Por isso, toda cura começa pela escuta. Na análise, no amor, na amizade. Escutar é restituir o meio — é devolver às vibrações da alma o espaço necessário para existir.



X. Quando o amor rarefaz

Há momentos em que o amor começa a perder densidade, como o ar rarefeito das montanhas. Ainda existe, mas já não sustenta o som. As palavras passam a soar longes, os gestos perdem temperatura, e o olhar — antes cheio de vida — se torna transparente.

Nesses momentos, o amor não morre: ele se torna vácuo. E a dor que sentimos não é apenas a da ausência, mas a da impossibilidade da propagação. Queremos falar, mas o outro não ouve. Queremos tocar, mas o toque não chega. E o que resta é o eco interno da tentativa frustrada — o som que volta para dentro, aumentando a solidão.



XI. A densidade da presença

Estar com alguém, de verdade, é emprestar densidade ao espaço. É transformar o ar comum em meio vibrante. Não é o que se diz, mas o modo como se está.

Presença é o oposto do vácuo. Ela é o ar simbólico que dá existência ao som da relação. Por isso, há encontros breves que deixam marcas profundas — porque, por um instante, houve ar, houve vibração, houve escuta.
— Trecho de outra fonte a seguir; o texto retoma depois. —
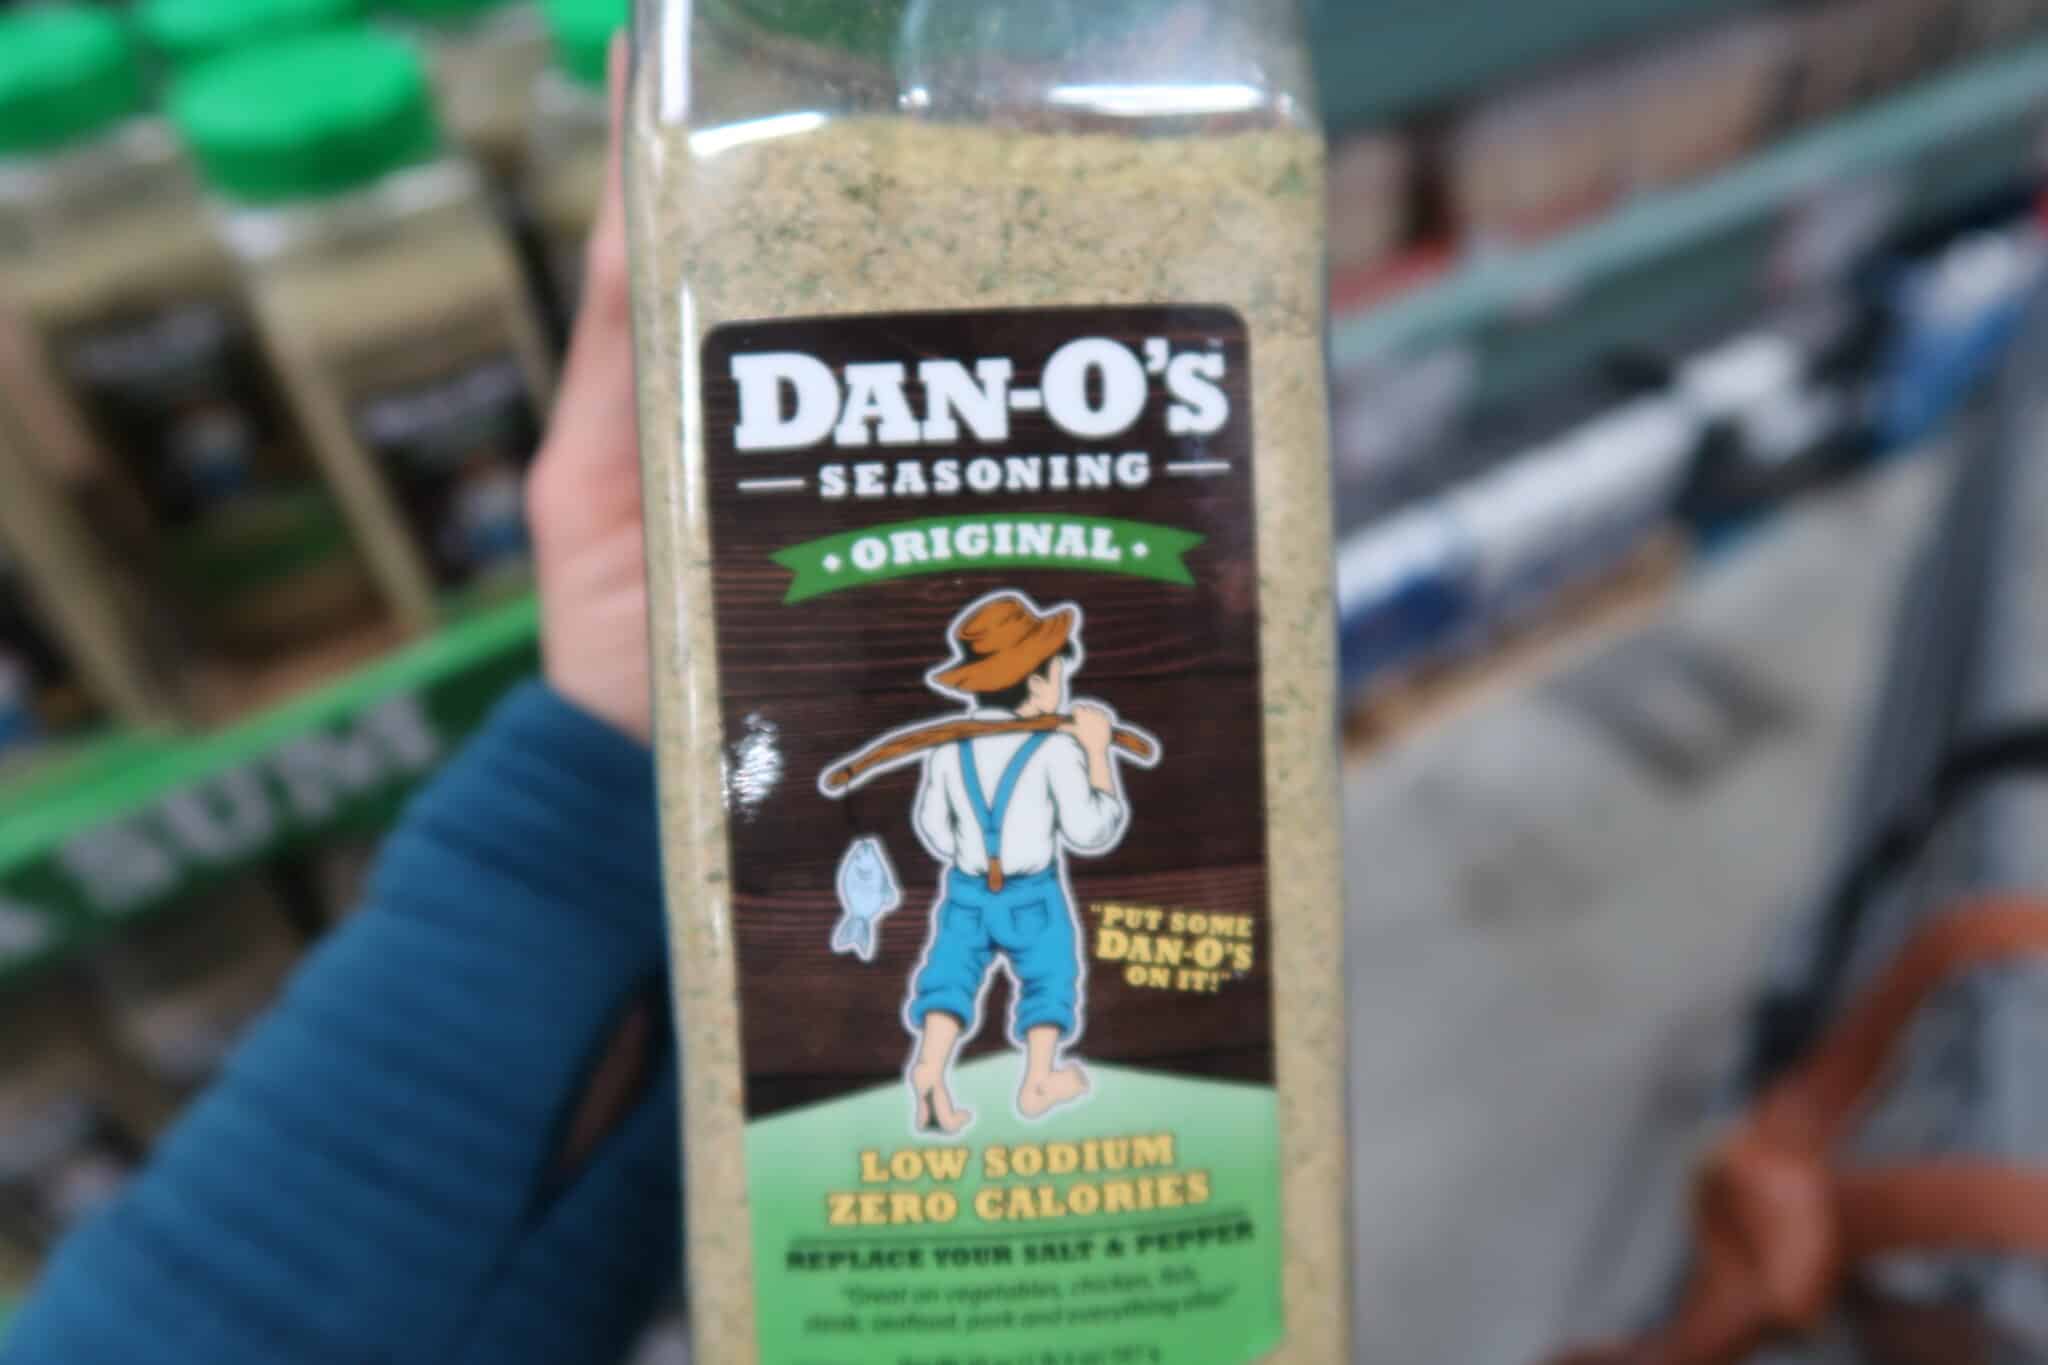 New Coupon For Dan-O’s Original Seasoning

Lembro-me de um desses encontros recentes. Falamos sobre o som e o vácuo, e por alguma razão a conversa parecia ecoar mais fundo do que o tema sugeria. Ela disse que o som não se propaga no vácuo. E eu pensei: talvez seja por isso que, por algumas horas, tudo vibrou — porque ali havia ar, olhar e sentido.



XII. O medo do meio

O vácuo afetivo às vezes é também uma escolha inconsciente. Criamos vácuos para não vibrar demais, para não sentir o som do que dói. Mas o preço é alto: sem vibração, não há música; sem ar, não há vida.

Há quem prefira o vácuo porque o som pode ser perigoso. O som do amor é instável, imprevisível — ele pode ferir, expor, transformar. Por isso, muitas vezes, o sujeito prefere a segurança do silêncio à vulnerabilidade da vibração.

Mas o silêncio total é uma forma de morte. É a paralisia do afeto, o congelamento do som. E nenhuma defesa justifica viver sem eco.



XIII. O amor como atmosfera

O amor não é um sentimento: é um estado físico do ser. É o ar que envolve dois corpos e permite que o som da vida se propague. É o meio invisível que transforma gestos em vibrações compartilhadas.

Por isso, amar é mais do que gostar: é criar condições de propagação. É construir um espaço de densidade simbólica, onde o som do outro não morre.

E quando esse espaço se forma — mesmo que por um instante —, tudo vibra. O corpo vibra, o tempo vibra, o mundo parece respirar em outro ritmo. É a experiência mais próxima da eternidade que o humano pode alcançar.



XIV. Quando o som volta

Há sons que se perdem, e há sons que voltam depois de anos. Uma palavra dita no passado, um gesto esquecido, uma lembrança que reaparece como vibração residual. Nada do que vibrou se perde totalmente — apenas muda de frequência.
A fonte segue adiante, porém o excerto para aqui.